Health boost

By XAVIER SMERDON
WERRIBEE will be home to a new $41.2 million inter-professional health clinic with Victoria University successfully gaining funding from the Federal Government.
The university has been given the green light, along with $22.9 million, to build clinic that will be run by students at the Werribee campus.
The clinic will provide “structured opportunities for trainee doctors, nurses, paramedics and other professionals to learn and practice together in cross disciplinary teams”.
The student-led centre will be under academic and practitioner supervision and will allow students to fine-tune their clinical skills while providing much needed health services to the community.
Victoria University Vice-Chancellor, Professor Peter Dawkins, said it would enhance health education and the provision of health services in Wyndham.

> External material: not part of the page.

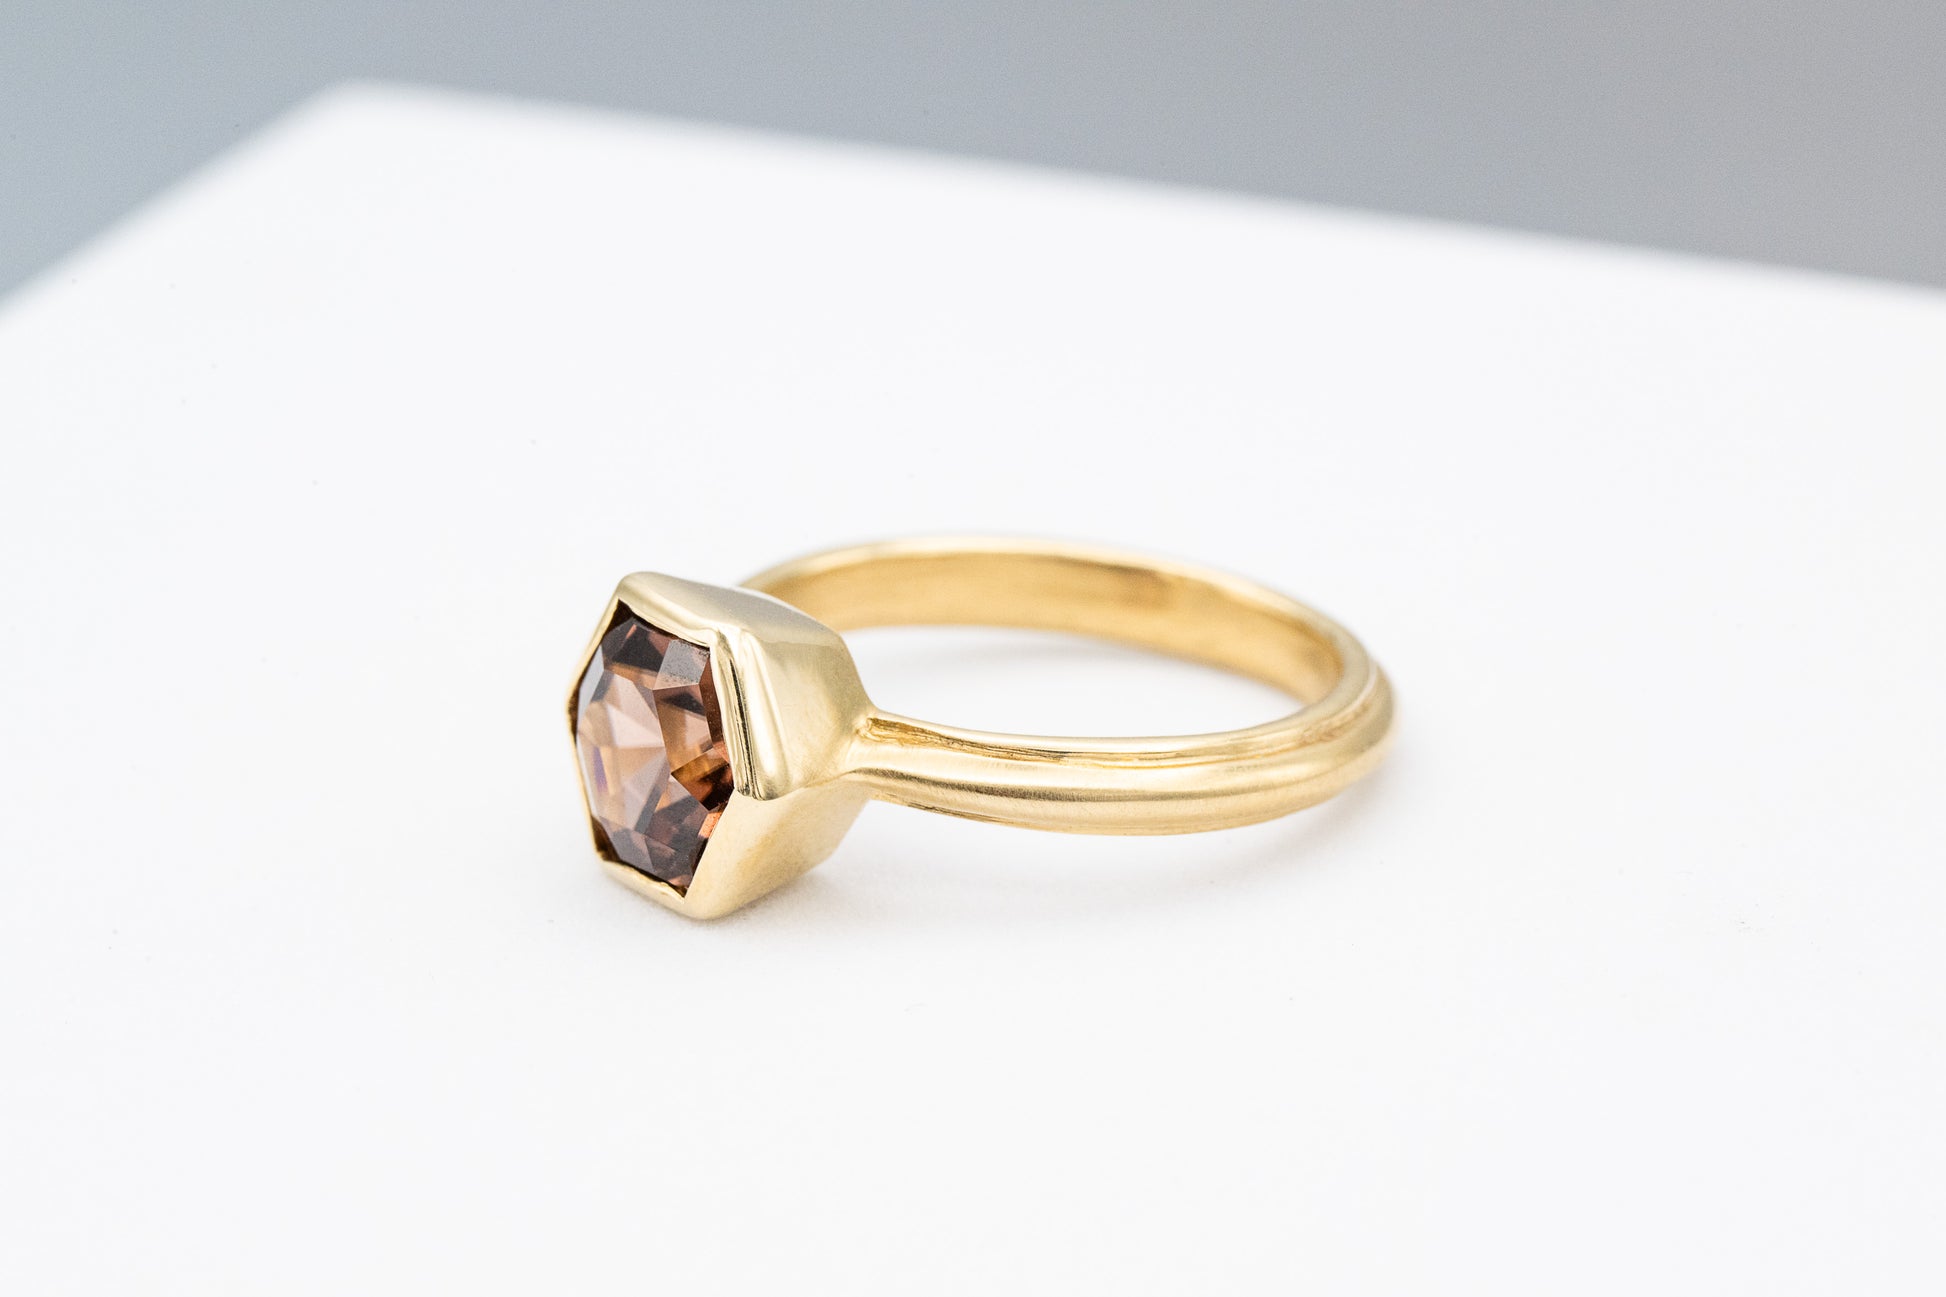 A handmade Tawny Champagne Yellow Gold Hexagon Ring with a smoky quartz stone.

“This Werribee clinic will be accessible to the public. It will be linked to similar existing clinics at St Albans campus and at Footscray (Whitten Oval), and complement existing health care provision by working collaboratively with partners in the western region,” Professor Dawkins said.
“It will deliver innovative curricula changes across the University’s health-related awards and enhanced pathways between disciplines.”

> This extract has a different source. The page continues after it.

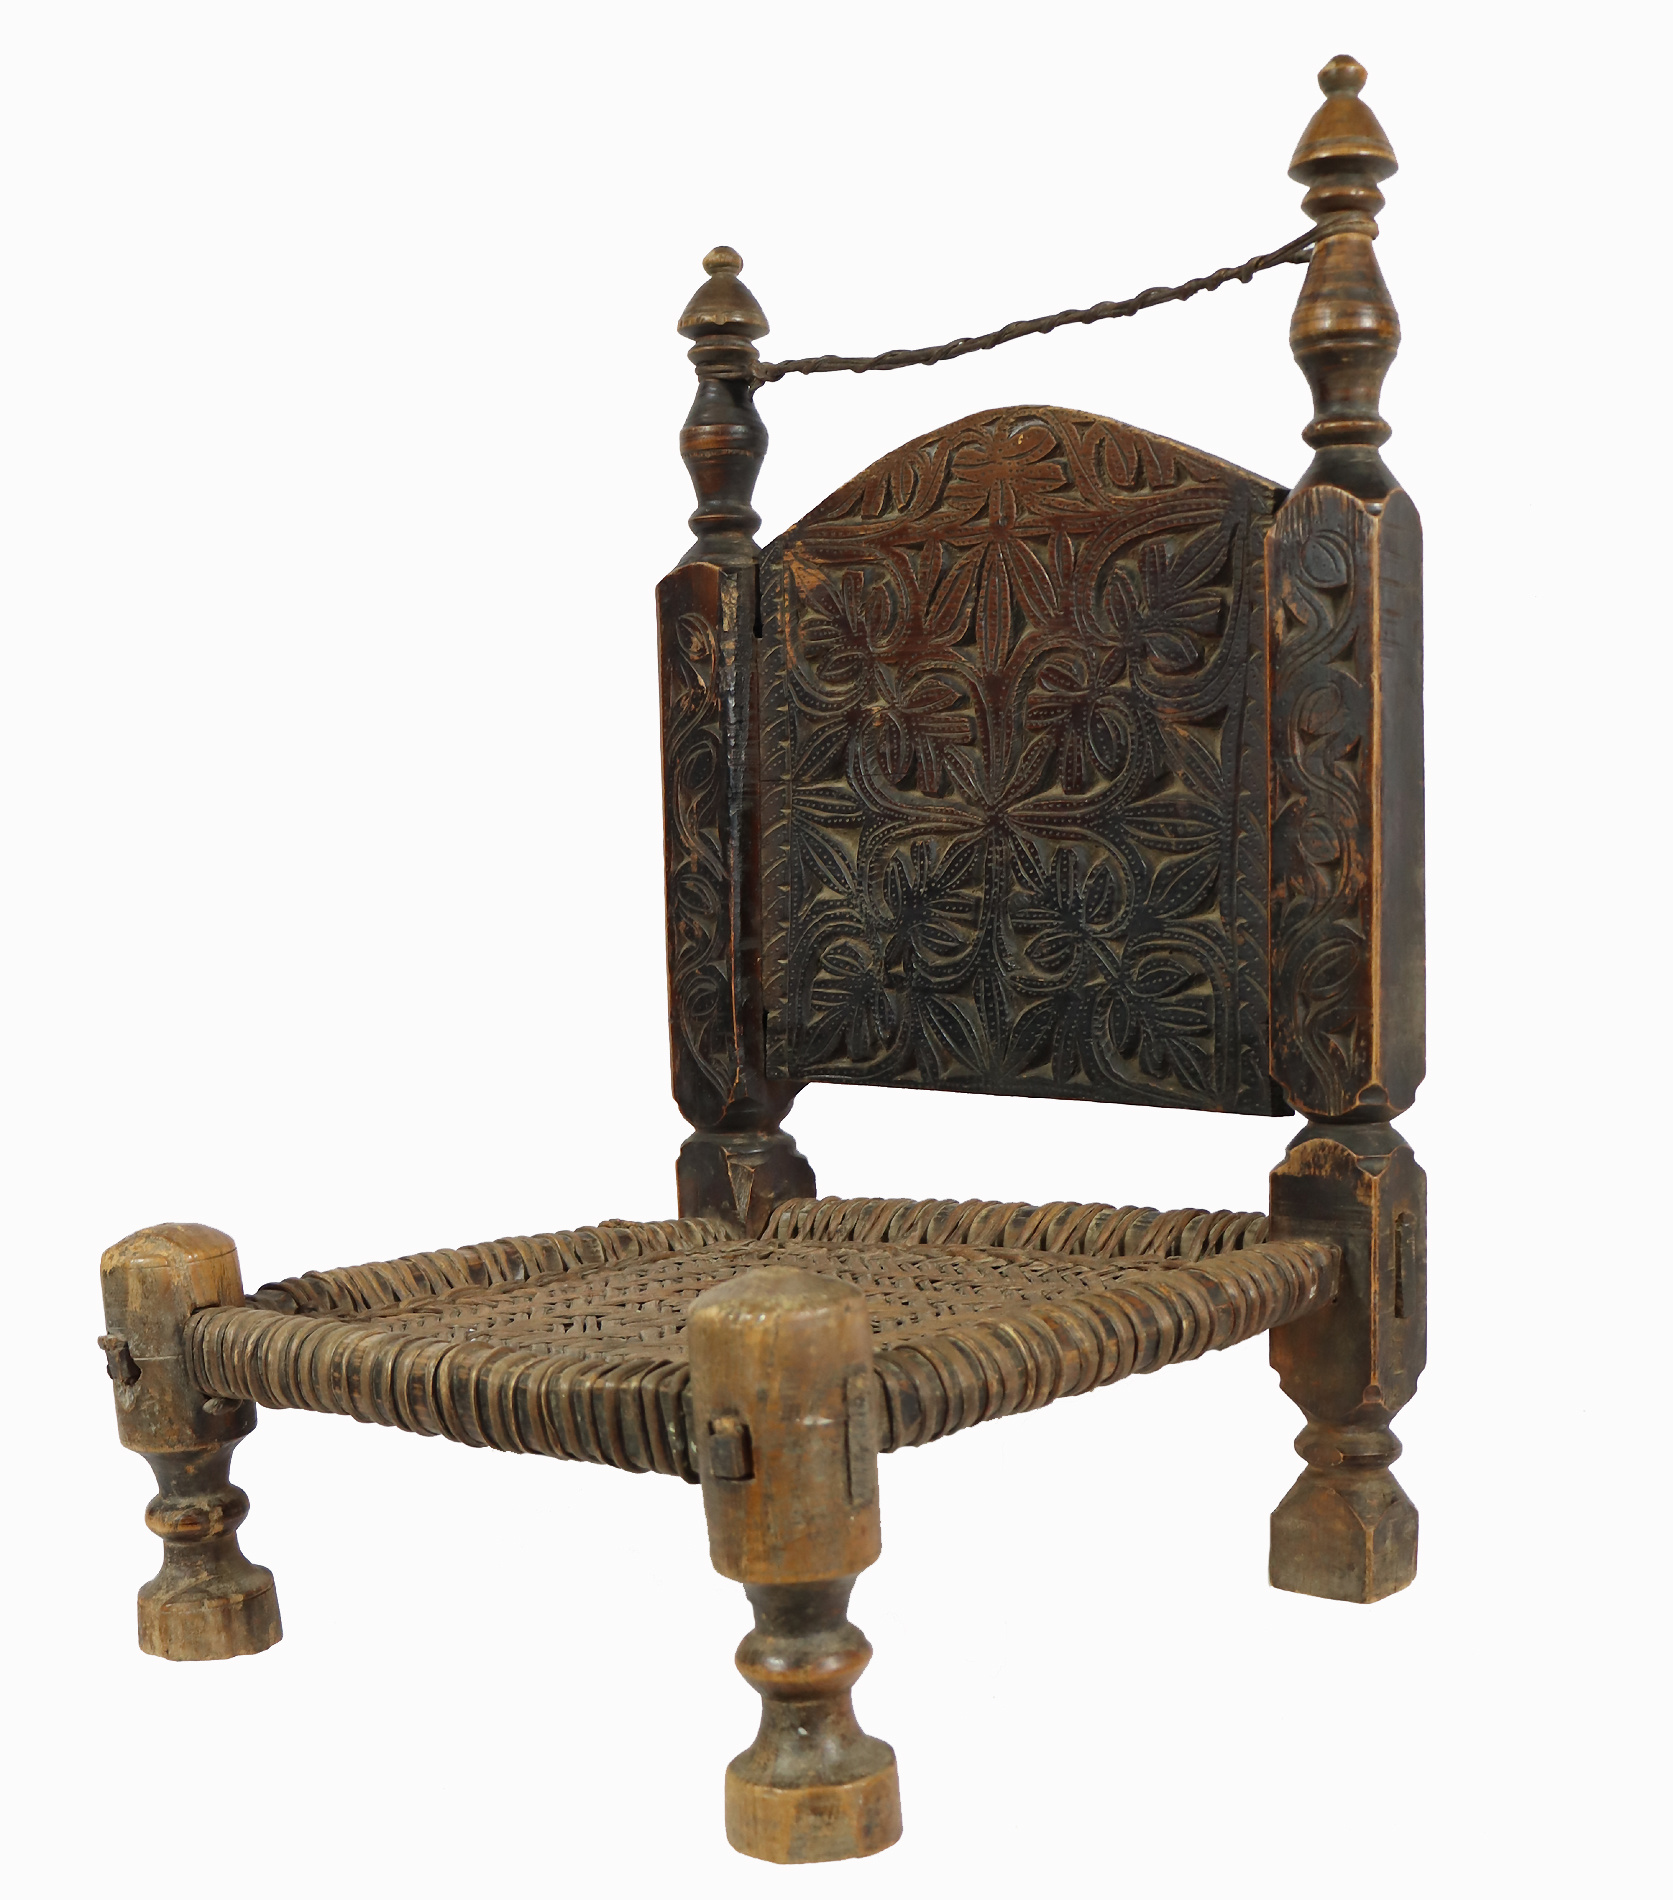 antiquity chair from Nuristan Afghanistan / Swat-valley Pakistan No: ULM-A

Minister for Tertiary Education, Senator Chris Evans, said the project meant only good things for Wyndham.
“The project will have an immediate impact in the Werribee district and other suburbs in the outer-western metropolitan region of Melbourne,” Senator Evans said.
“That is good news for students and good news for the Victorian economy.”
The Gillard Government also announced that it will invest $377 million in new state-of-the-art teaching and learning facilities at university campuses across the nation.